I have, I confess, very mixed views about this. On the one hand, my own ‘involvement in state funded art’ amounts to reading my stories at a couple of events that received Arts Council and local authority subsidies. That’s probably about as much as any writer does. On the whole we work in a sector of the arts that gets probably less public funding than any other. On the other hand, I’m aware I go to events, exhibitions and the like that cost vastly more to put on than can be paid for through ticket sales, so I’m benefiting from arts funding in that sense.
State funding isn’t always the best kind of funding to have, and a lot of the most innovative work often happens in obscure holes and corners of the art world (I mean ‘art’ in its broadest sense to include the whole spectrum of artistic endeavour), funded in ways that range from impromptu to implausible, and in some cases the artwork itself is carried out in secretive and illegal ways – yes, I’m thinking here mainly of graffiti. But that said, we also need to recognise that what’s obscure and innovative at one point in time is the orthodoxy twenty years later, and that the UK as a whole is a major global producer in the economy of signs and images. It relies heavily on the flow of artistic and cultural talent in all kinds of areas from music to art to scriptwriting, screenwriting, niche areas of film and even niche areas within film such as special effects. And, of course, development of computer games… it would wind up being a long list.
Anyway. Rant over. What intrigued me today was a BBC article, ‘Arts world gets creative in funding crisis‘. Ideas being tried out now are crowdfunding through multiple small donations via the Wedidthis, Sponsume and Wefund websites; sponsoring individual members of an orchestra, with side benefits including dinners with them; venues being opened up to events such as weddings and receptions; and increasing numbers of in-person and online courses in creative areas run by people who have public reputations in those areas.
The arts are being squeezed in all sorts of directions; not just public funding, but the role of the internet in providing free access to many arts products, whether because the artists have to put it out free for promotional reasons, or internet piracy (which in music and now increasingly in writing means that artists get paid nothing for their work and need to build other income streams – live performance or whatever).
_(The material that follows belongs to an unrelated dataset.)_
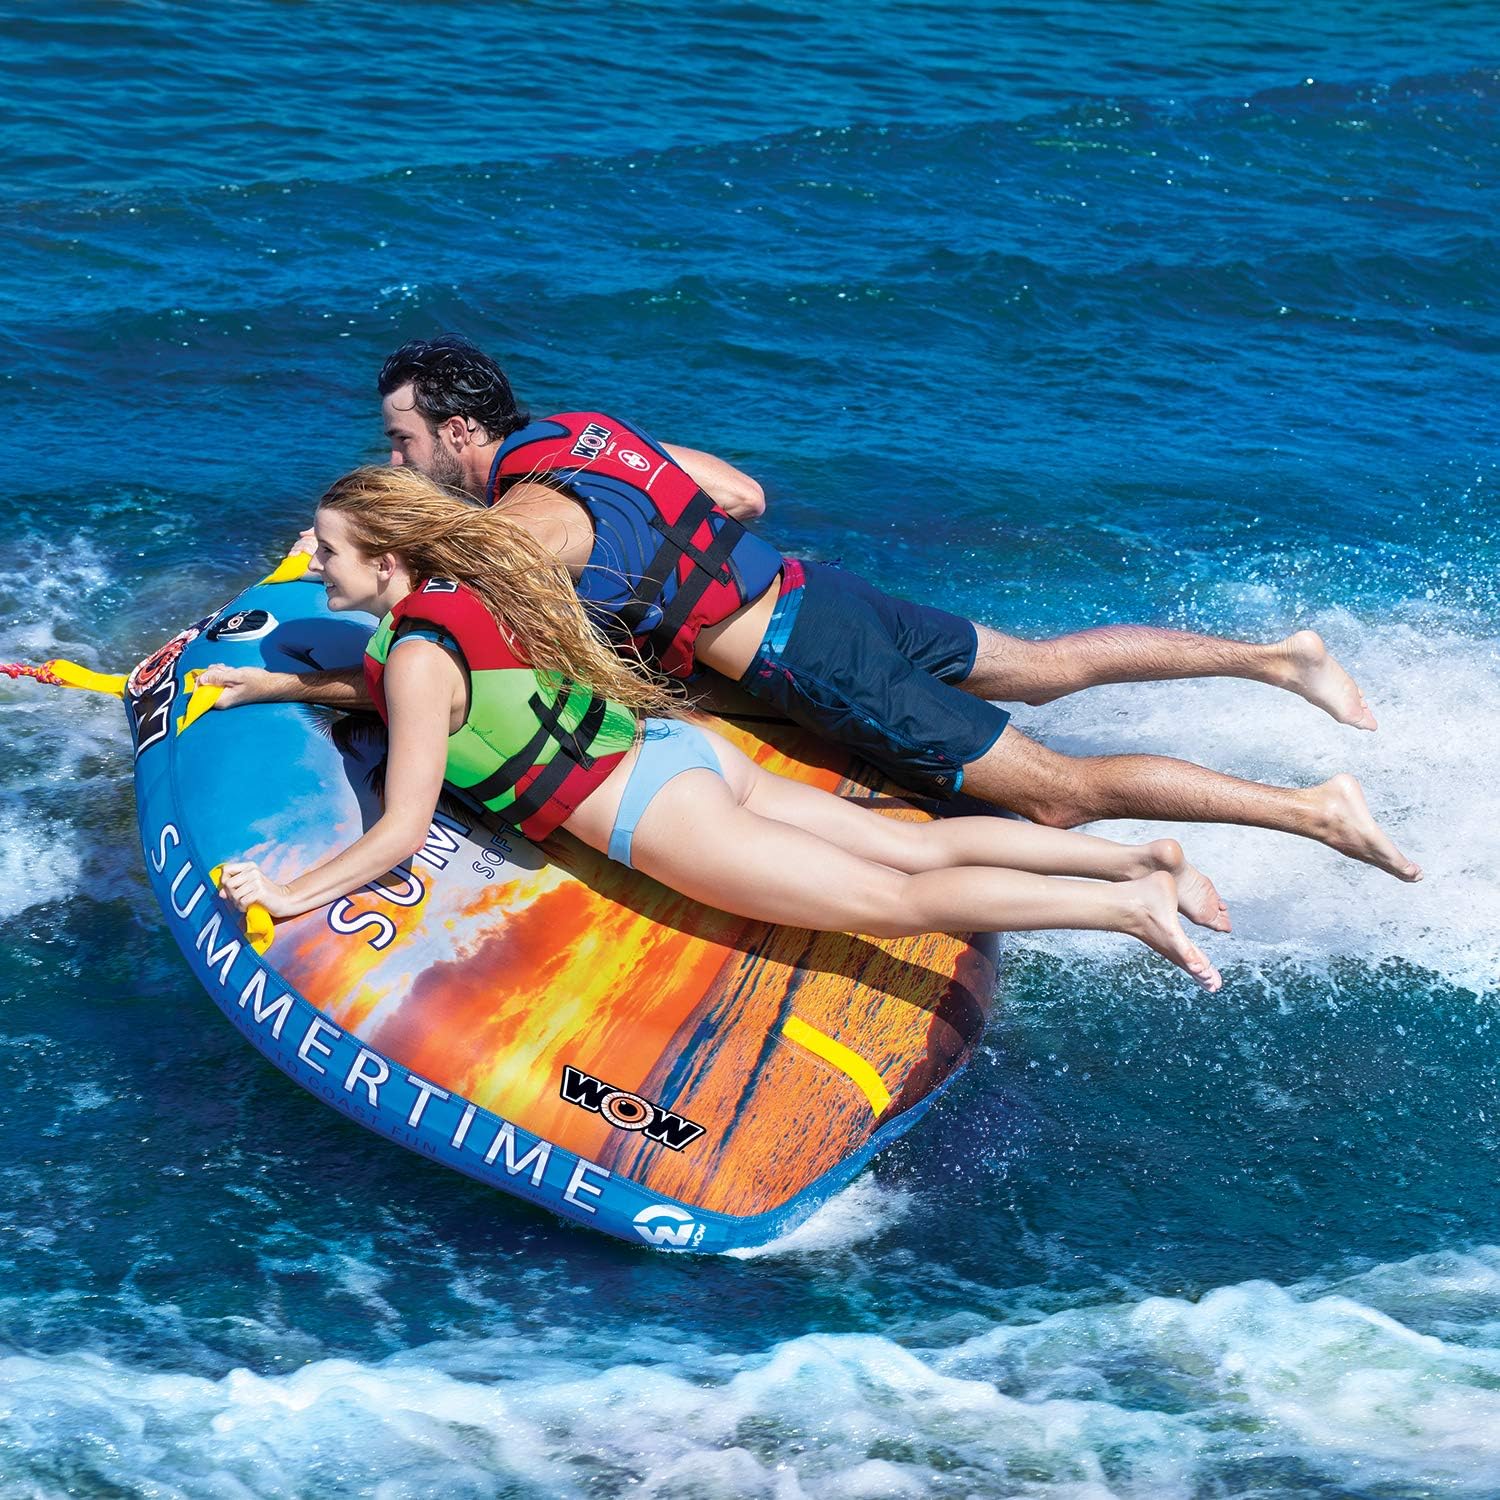 Wow World of Watersports Born to Ride Inflatable Towable Deck Tube

It probably won’t all work out alright in the end. There will be casualties along the way, including, probably, the collapse of some well-known and well-respected organisations. The people who are most recession-proofed, however, will be those who’ve struggled without funding already, trying to get their artistic vision across in unconventional ways. I’d hope that those people, who are often the real cutting edge of new art talent, will be able to struggle for a bit longer, become even more inventive about how they operate, and not just survive but prosper. I’m hoping at least some people will find that what doesn’t kill them makes them stronger. And I’m hoping that’s not a vain hope.